The camera set (46) captures a video stream and provides the captured video stream to the video module (40) and video codec (42) for processing to generate the near-end video stream. For each video frame of near-end video stream captured by the camera set (46), the control module (20) or the video module (40) may crop the video frame to the view region based on a selected view. In general, a video frame (also referred to as a frame) is a single still image in a video feed or video stream, that together with the other video frames form the video stream sent between endpoints.

The endpoint (10) uses the codecs (32, 42) to encode the near-end audio stream and near-end video stream according to an encoding standard, such as MPEG-1, MPEG-2, MPEG-4, H.261, H.263, H.264, etc. Then, the network module (50) outputs the encoded near-end audio stream and encoded video stream to the remote endpoints (60) via the network (55) using an appropriate protocol. Similarly, the network module (50) receives the far-end audio and video streams via the network (55) from the remote endpoints (60) and sends these to their respective codecs (32, 42) for processing. Eventually, a speaker (130) outputs the far-end audio stream (received from a remote endpoint (60)), and a display (48) outputs the far-end video stream. The display (48) also outputs the corrected near-end video stream in some embodiments.

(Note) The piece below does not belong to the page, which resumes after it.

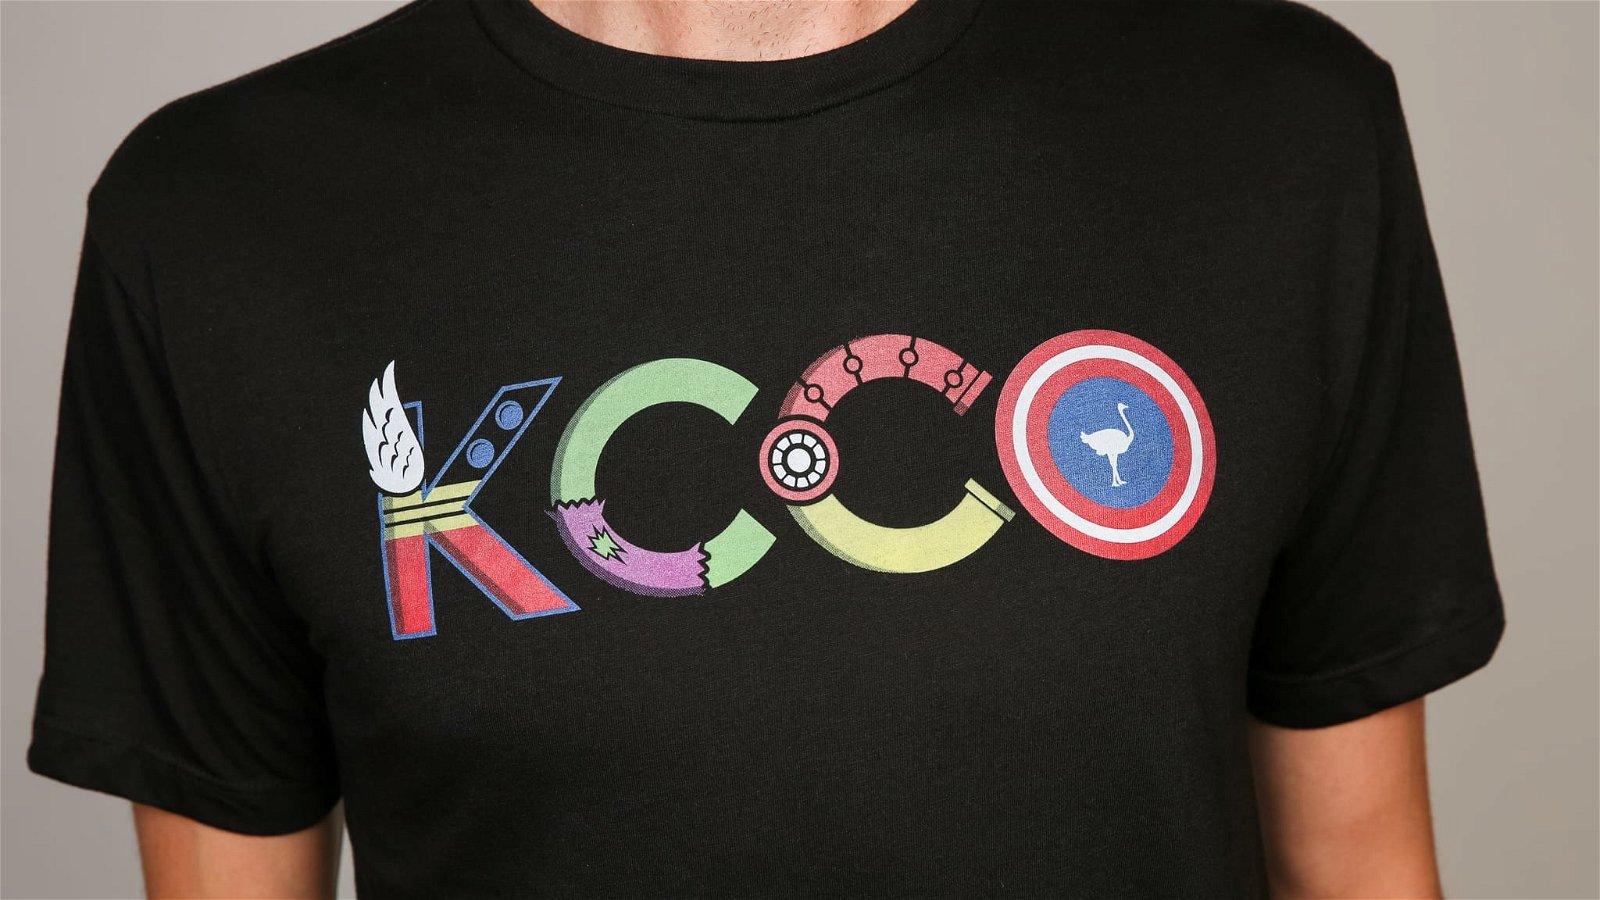 KCCO CHIVEngers Tee

Thus, FIG. 1A illustrates an example of an improved computer that applies content rating levels to streaming content and blocks streams that do not satisfy the content rating levels. In particular, the device of FIG. 1A may operate according to one of the methods described further below with reference to the other figures of the application. As described below, these methods improve the functionality of a computer. The endpoint (10) may be a computer that implements the methods described herein. A computer, as used herein, refers to any device capable of processing instructions. For example, a computer may be a headset with an integrated microprocessor, a conferencing device, a desktop, a laptop, a tablet, a mobile device, etc.

FIG. 1B illustrates components of the conferencing endpoint (10) of FIG. 1A with additional detail. The endpoint (10) includes the processing unit (110), the memory (140), the network interface (150), and the general input/output (I/O) interface (160) coupled via the bus (100). As above, the endpoint (10) has the base microphone (120), the speaker (130), the camera set (46), and the display (48).

The processing unit (110) may include one or more processors, including a CPU, a GPU, an application processor, etc. The memory (140) is a computer readable medium that may be any conventional memory such as synchronous dynamic random access memory (SDRAM) and can store modules (145) in the form of software and firmware with instructions, programs and data for controlling the endpoint (10). The stored modules (145) include the various video and audio codecs (42,32) and software components of the other modules (20, 30, 40, 50) discussed previously. Moreover, the stored modules (145) can include operating systems, a graphical user interface (GUI) that enables users to control the endpoint (10), and other algorithms for processing audio/video streams.

The network interface (150) provides communications between the endpoint (10) and remote endpoints (60). By contrast, the general I/O interface (160) can provide data transmission with local devices such as a keyboard, a mouse, a printer, an overhead projector, a display, external loudspeakers, additional cameras, microphones, etc.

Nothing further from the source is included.